Thura Al-Windawi, |
My Life in Wartime Iraq
If you have wondered what it was like when Baghdad was being bombed in 2003, read Thura Al-Windawi's diary, translated for publication by Robin Bray. Thura, who was 19 when the war in Iraq broke out, provides a first-hand account into what it was like.
Thura was going to college, preparing to be a pharmacist, at the time. Her family, including two younger sisters, had lived in England while her father worked on his doctorate, and she learned English there. Their middle-class family had a car and air conditioning for their house; their life was good under Saddam Hussein's rule, although they did not support him.

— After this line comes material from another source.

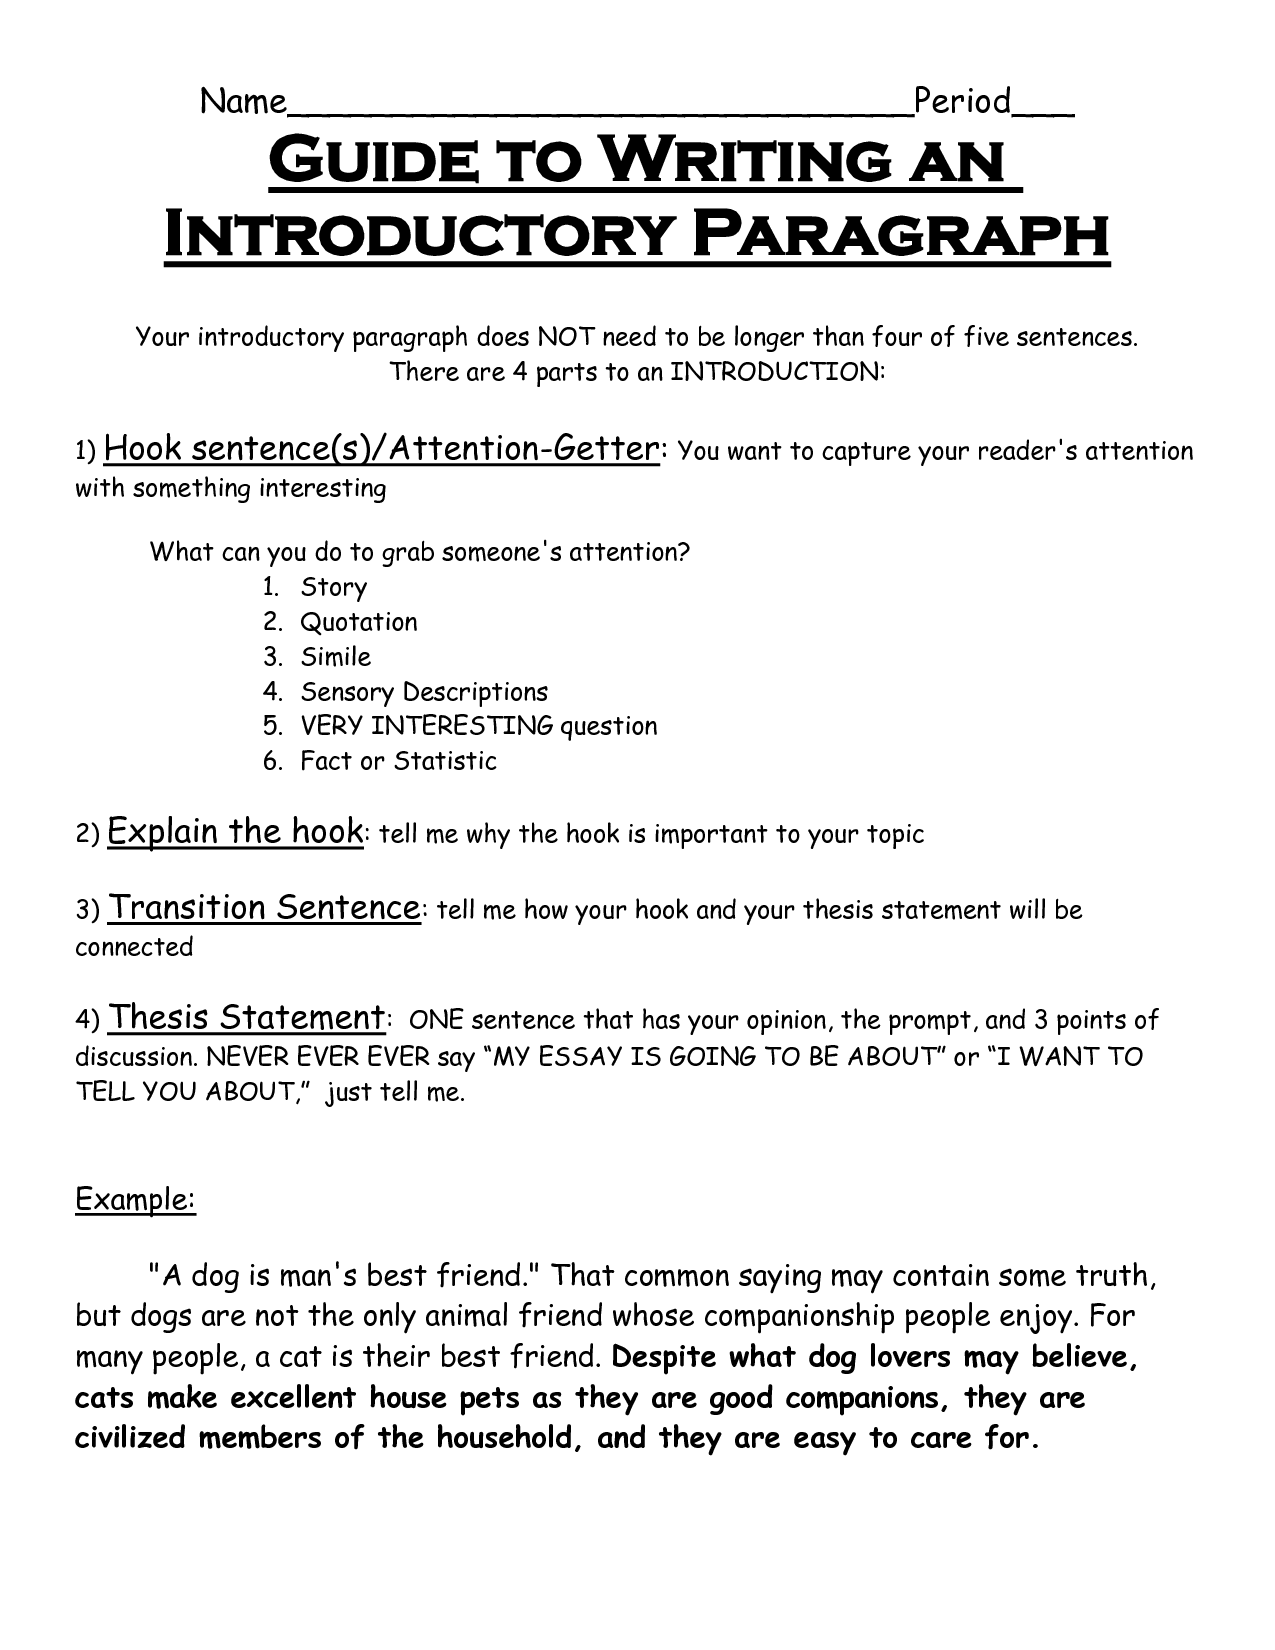 Dissertation Introduction Writing Guide | HandmadeWriting

When the war broke out in March 2003, the family decided to stay in Baghdad. Many bombs and missiles exploded or landed near their house and neighborhood, which was near one of Saddam's palaces. Thura and her parents tried to keep the younger daughters calm and safe, gathering in safe rooms away from the threat of shattering glass. They stocked up on food and other necessities, including insulin and needles for one of Thura's sisters. (The insulin had to be kept in a neighbor's house that had a refrigerator with a stronger power source than their generator.) Eventually, they joined their relatives in a village outside of Baghdad before the Americans took over the city.

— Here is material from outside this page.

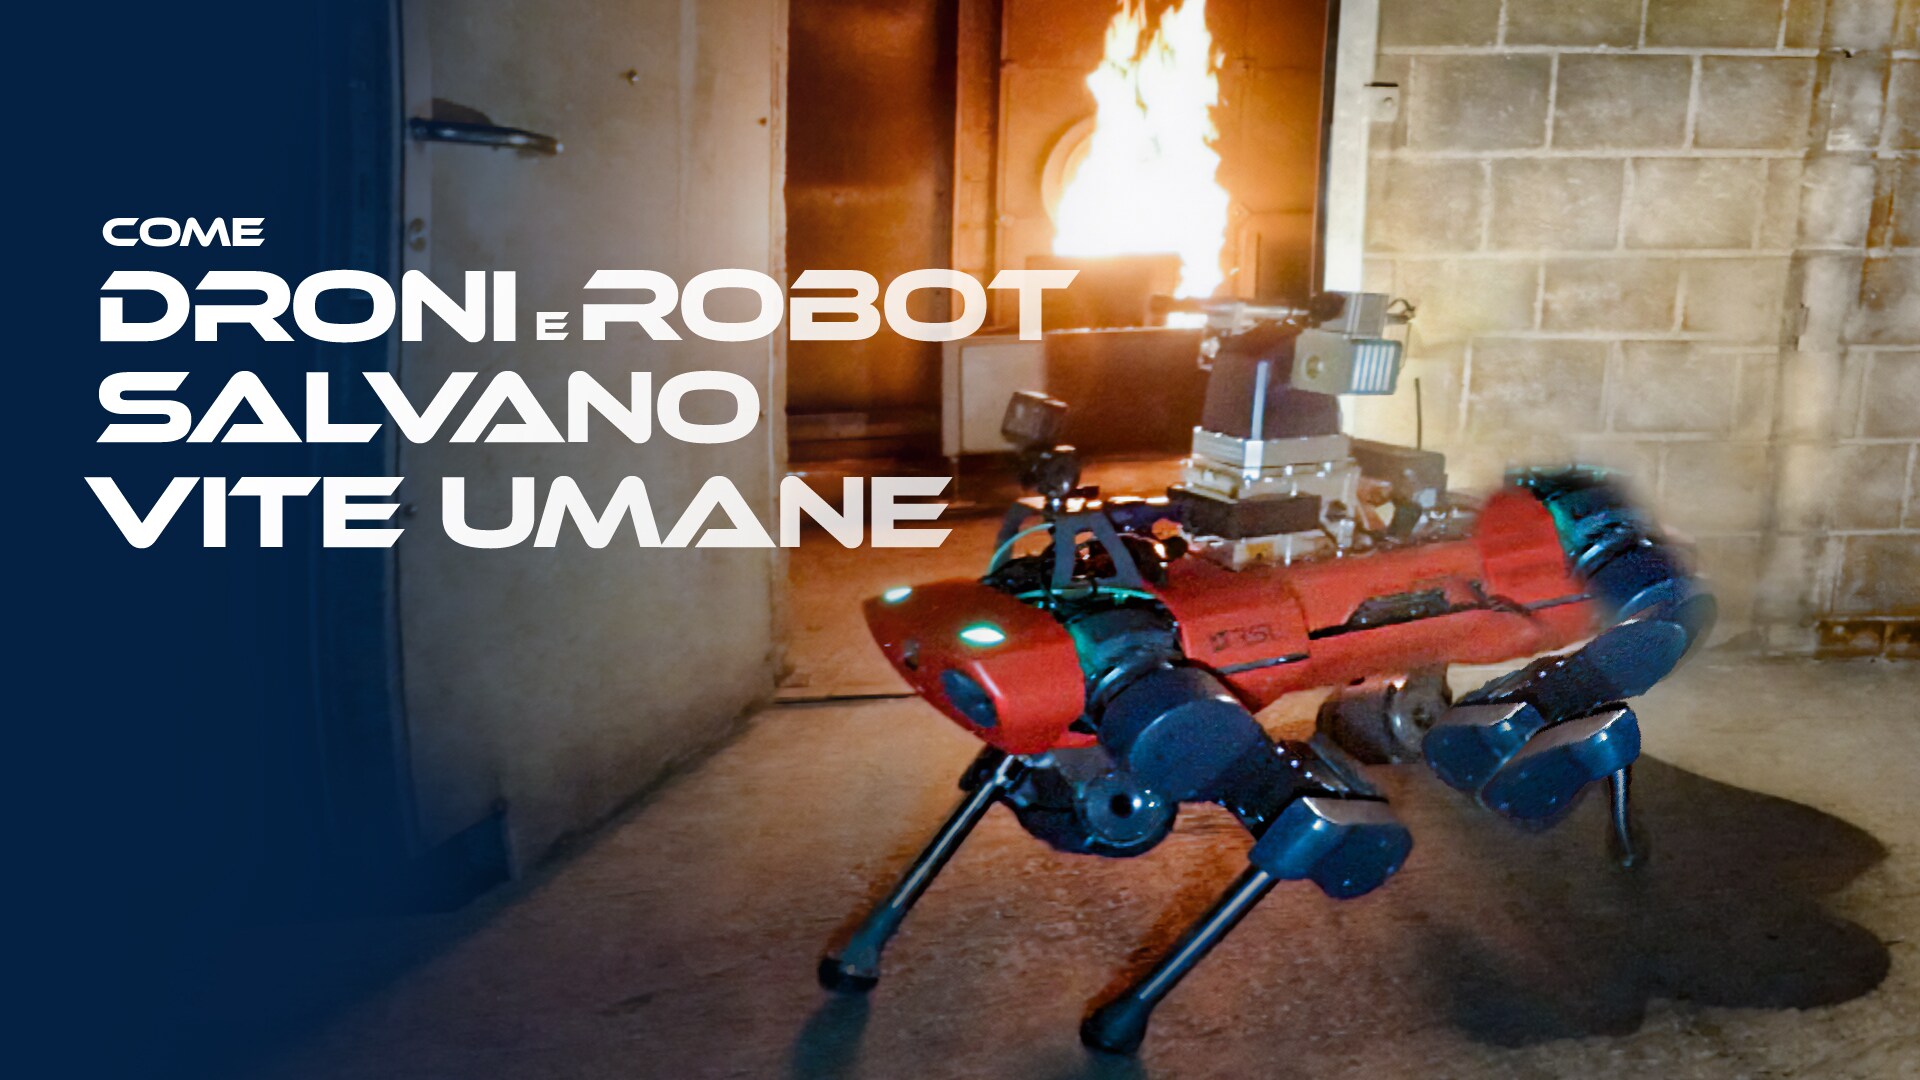 Come droni e robot salvano vite umane

While in the village, Thura learned what Iraq's old ways were like. She learned that women had to do a lot of the work and had to wear headscarves. She also learned that women were not allowed to be involved in decision-making. This turned out to be an introduction to Iraqi life after Saddam's fall or at least what some want life to be like in Iraq.
Thura and her family finally returned to Baghdad and found their home pretty much intact, although life was more chaotic. Still, there was hardly any water, food, electricity or law and order. Thura tells in her diary how Iraqi society began to change; Thura and her sisters were not too happy with some of the changes.

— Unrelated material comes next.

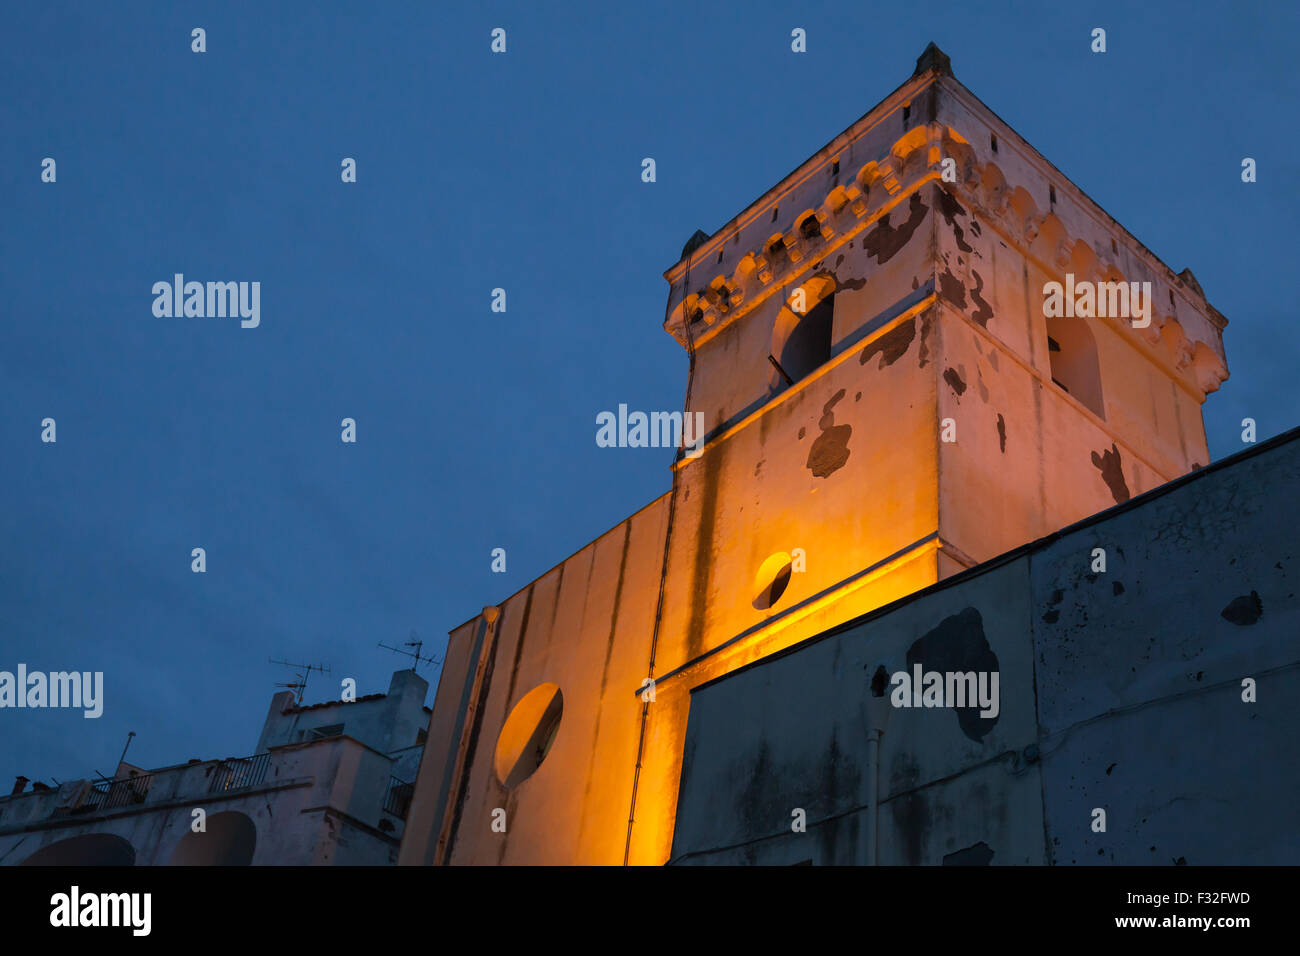 Santa Maria Assunta. Illuminated church facade over dark blue sky, Ischia Porto, Italy Stock Photo

As you read the diary you will discover that life had not returned to normal when she closes it. One can watch the news and see that things have not returned to normal yet. There is still much violence and chaos going on there. Fortunately for Thura, she got an opportunity to leave Iraq and study in the United States. The University of Pennsylvania helps her with her education.
The diary is very well written and is very descriptive of what went on around her and and her family. Her thoughts and feelings are well expressed, providing an inside look from a civilian's point of view at what it was like to be in Baghdad during the Iraq War and afterwards.